Tuesday, June 08, 2010

The Long Walk & The Way Back

I've just finished the memoir The Long Walk: The True Story of a Trek to Freedom by Slavomir Rawicz which has been adapted into The Way Back by Peter Weir.

Here are some of my thoughts on the book as well as how reading this impacts my thoughts on the adaptation. I will avoid excessive spoilers, but some basic premise's of Rawicz' life and this story are inevitable. So be warned.

The Long Walk

The Long Walk is a story by Slavomir Rawicz (ghost written by Ronald Downing) which chronicalizes an epic, tragic, and heroic story that begins with Rawicz, a Polish soldier, captured and imprisoned during WWII by the Russian's on charges of espionage. These charges came as a result of his ability to speak Russian, and through horrific means the USSR men forced a confession.

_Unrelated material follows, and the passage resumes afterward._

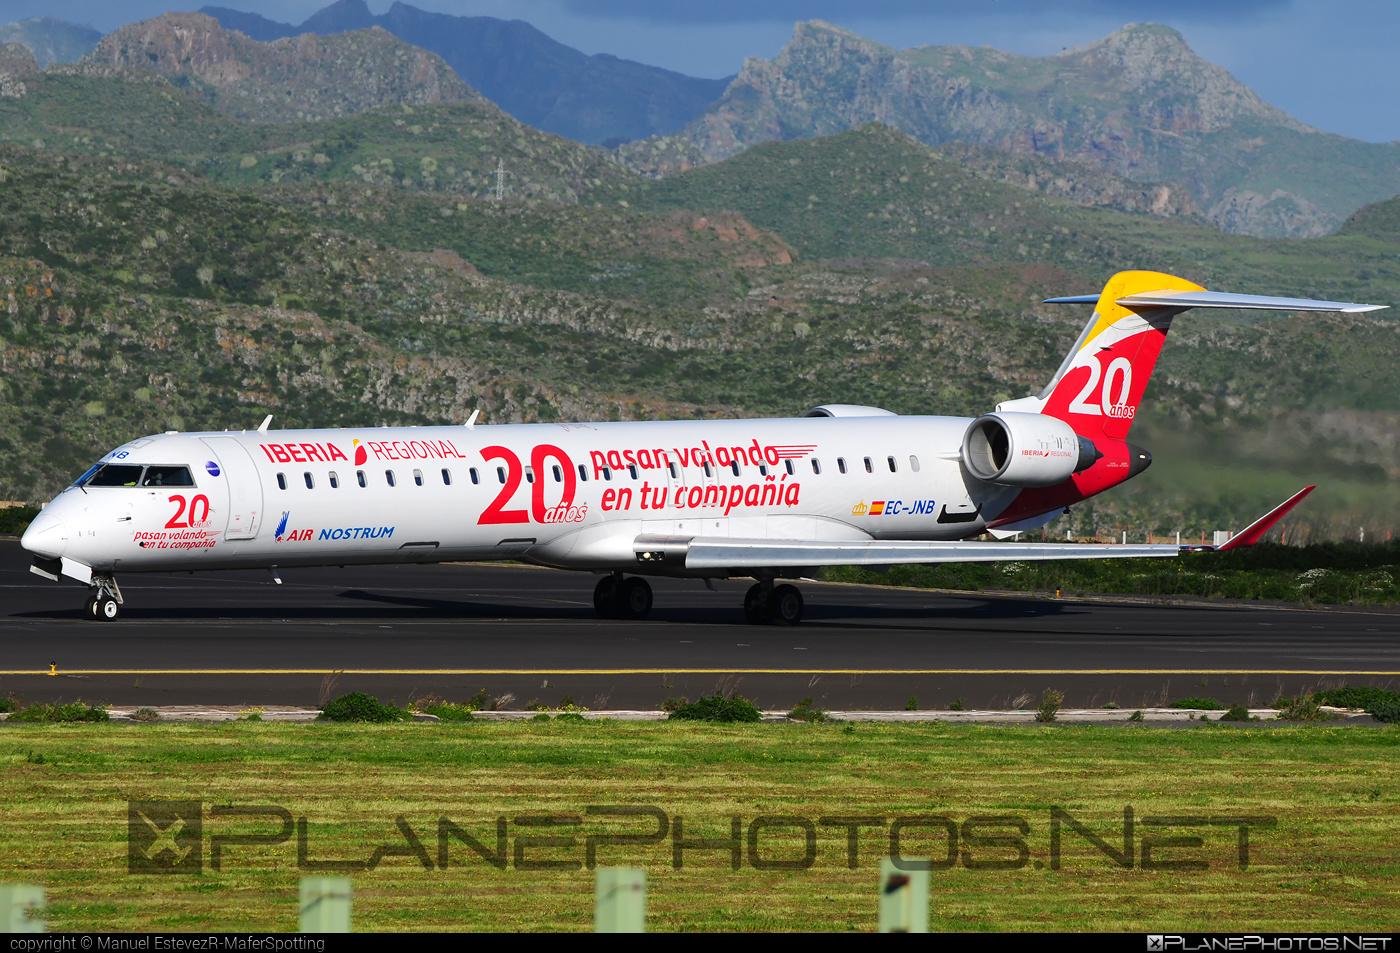 Bombardier CRJ900LR - EC-JNB operated by Iberia Regional (Air Nostrum) #airnostrum #bombardier #crj900 #crj900lr #iberia #iberiaregional

In all honesty, this part of the story while important and sad, is the least interesting, because it's only the set up for the journey that begins when he's finally charged and sent to travel by train across Russia to Irkutsk in Siberia. Then alongside other prisoners they were forced to take a walk to a prison camp much further north into the desolate reaches of the Soviet Republic where they worked in a labor camp on meager rations.

It is here in the story that it get's interesting, because this puts us in a time when Rawicz gathers other men within the camp for a calculated escape. Rawicz and 6 other men make an escape.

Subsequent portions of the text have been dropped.